City Hall Lunchtime Lecture Series
The theme for this year's City Hall lectures is Death and Disease in Dublin and Dublin City Archives have put together a brilliant line-up of speakers covering a whole host of macabre and morbid topics.
Times & Dates
Tuesday 6 April at 1pm: The Great Pandemic: The 1918-19 Flu by Dr Ida Milne.
The ‘Spanish’ flu (1918/19) has the largest death toll of any influenza pandemic on record. As it spread through the city, communities would go silent, public buildings and schools were closed, trade stilled, events were cancelled and sports fixtures postponed. It struck at the core of families, often flattening every member and sometimes killing multiple members of one family.

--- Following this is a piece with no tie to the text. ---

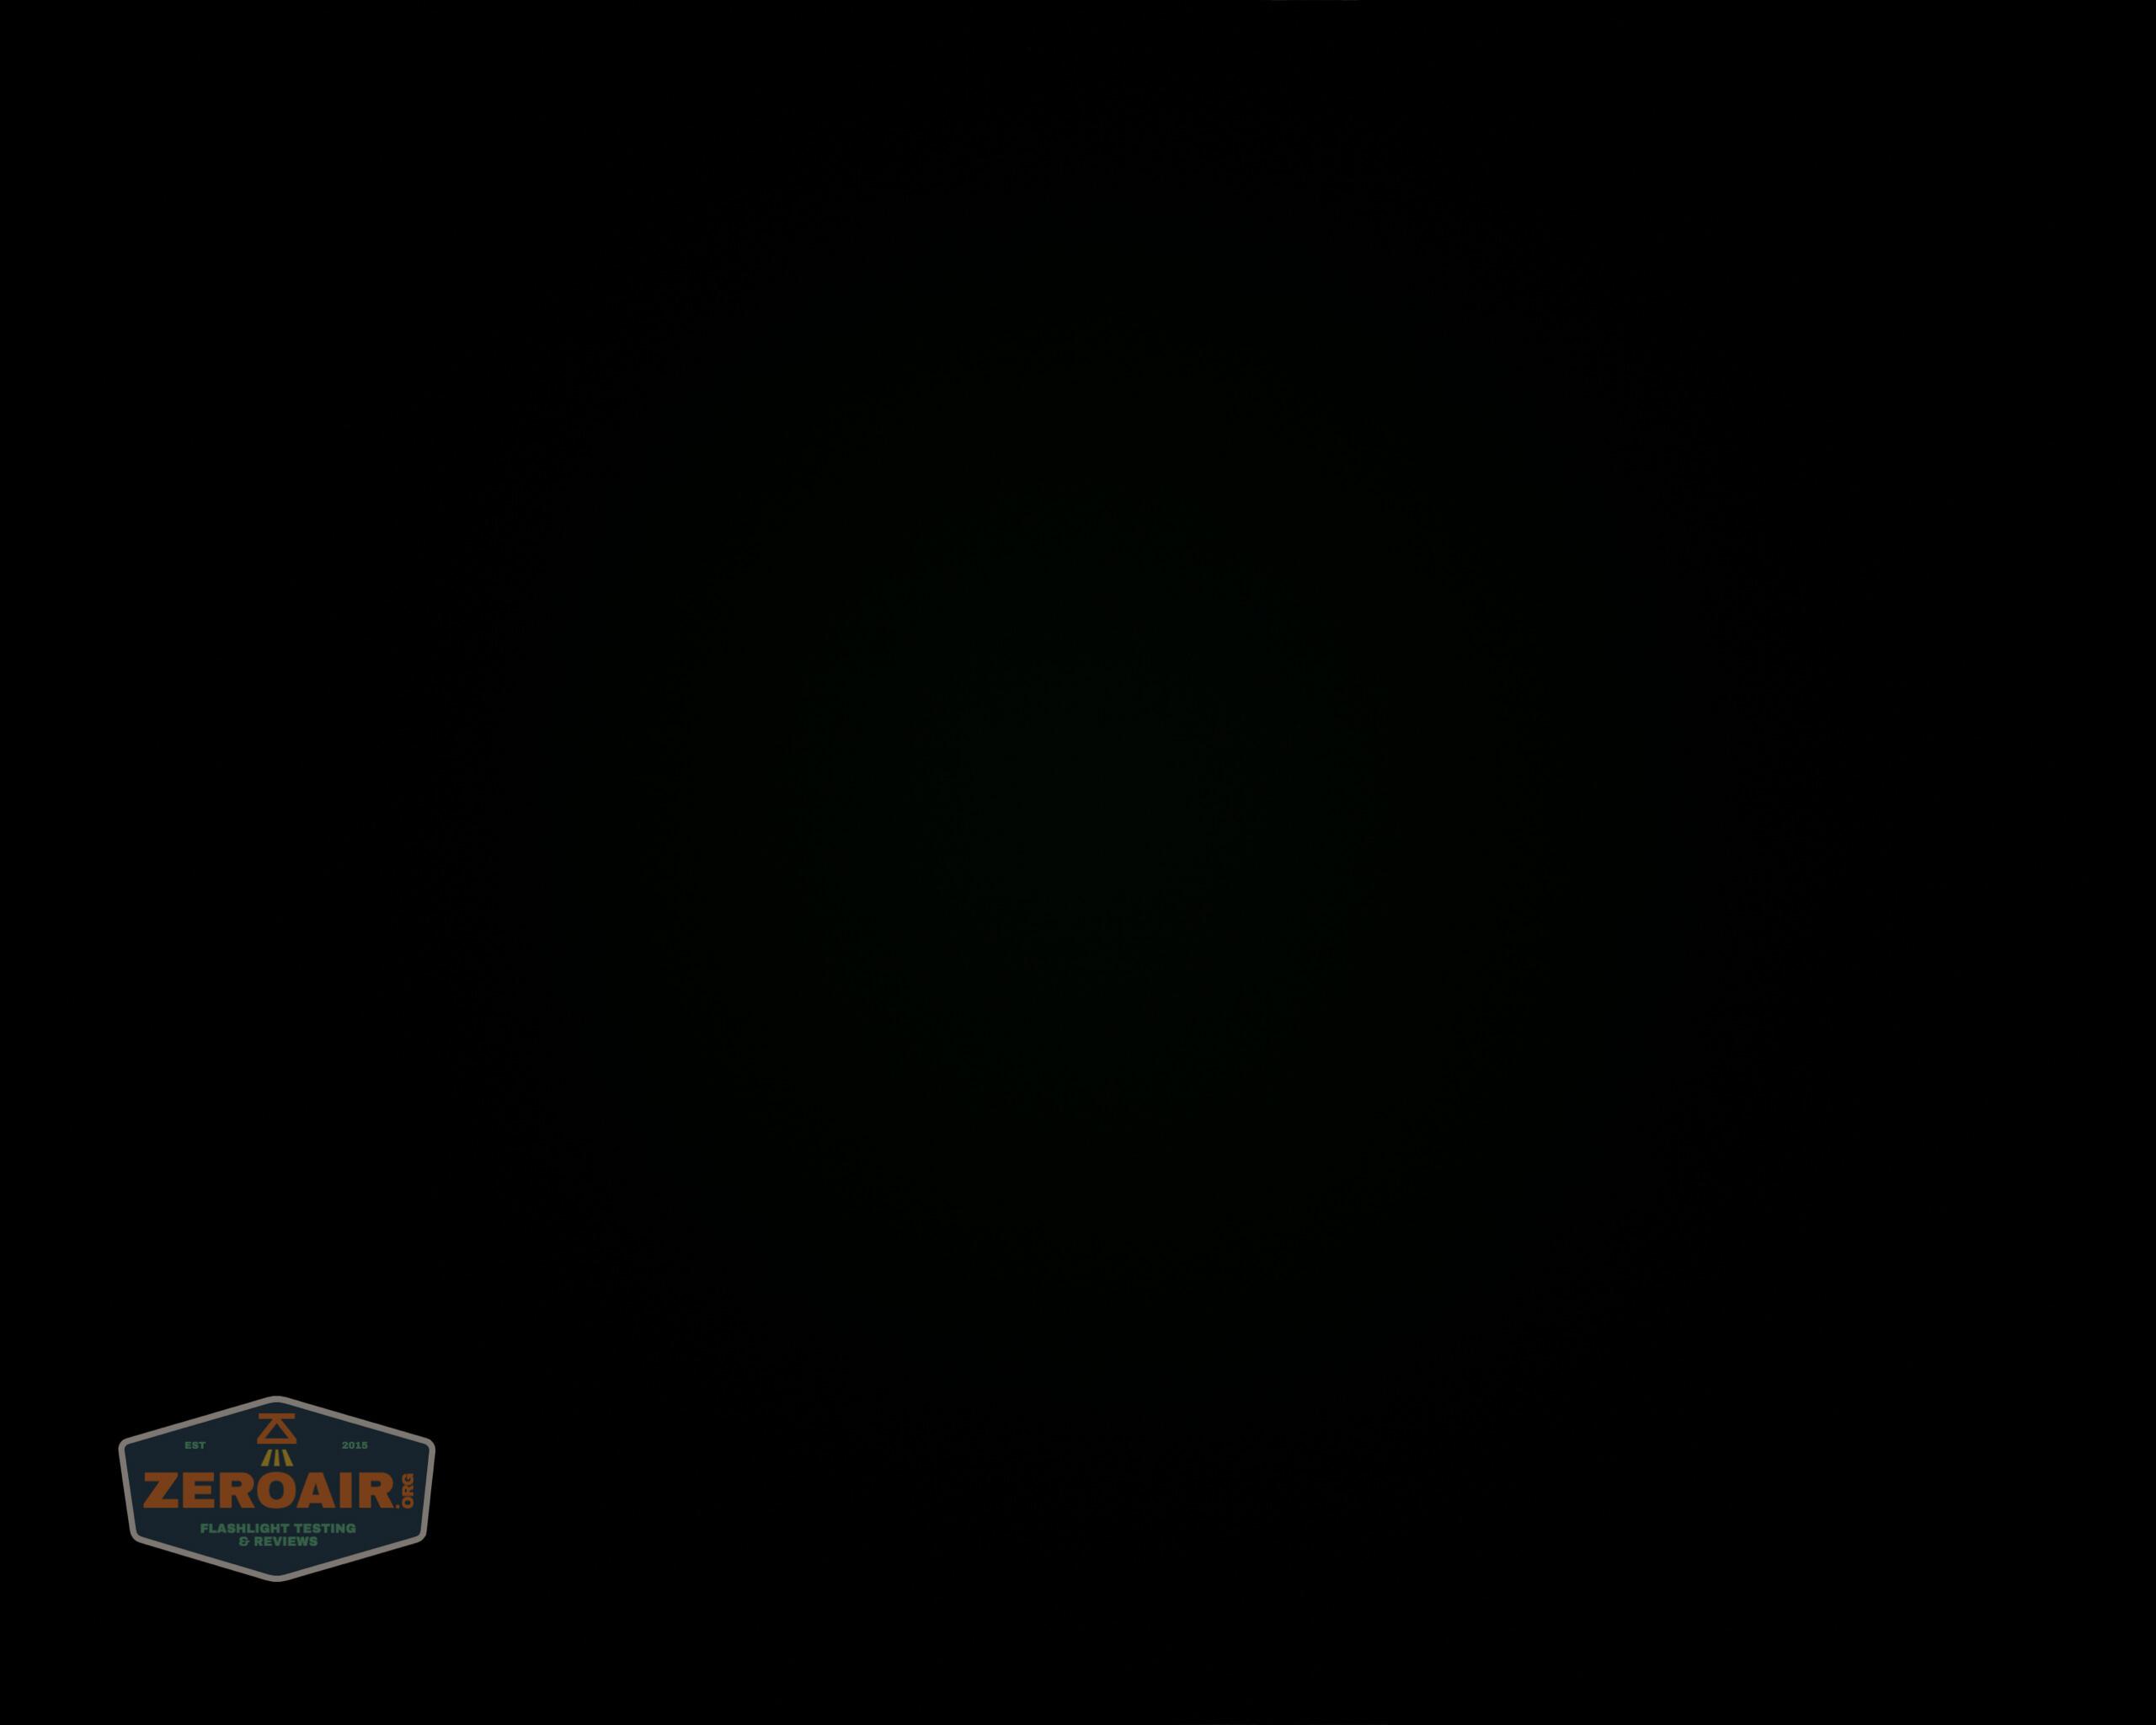 olight perun 2 21700 headlamp orange beamshot ceiling 1

During this talk, Dr Milne will look back to that event, and compare it with the Covid-19 pandemic, and reflect on how the city’s chief medical officer at the time, Sir Charles Cameron, and other authorities reacted to reduce the impact.
Tuesday 13 April at 1pm: The history of psychiatric hospitals in Dublin by Professor Brendan Kelly
Professor Kelly's talk will examine why, in the mid-1900s, Ireland had proportionately more people in psychiatric hospitals than any other country in the world. This talk looks at the place of "Grangegorman Mental Hospital" (St Brendan's) in this history, alongside St Patrick's, St Ita's (Portrane) and Dublin's other psychiatric hospitals.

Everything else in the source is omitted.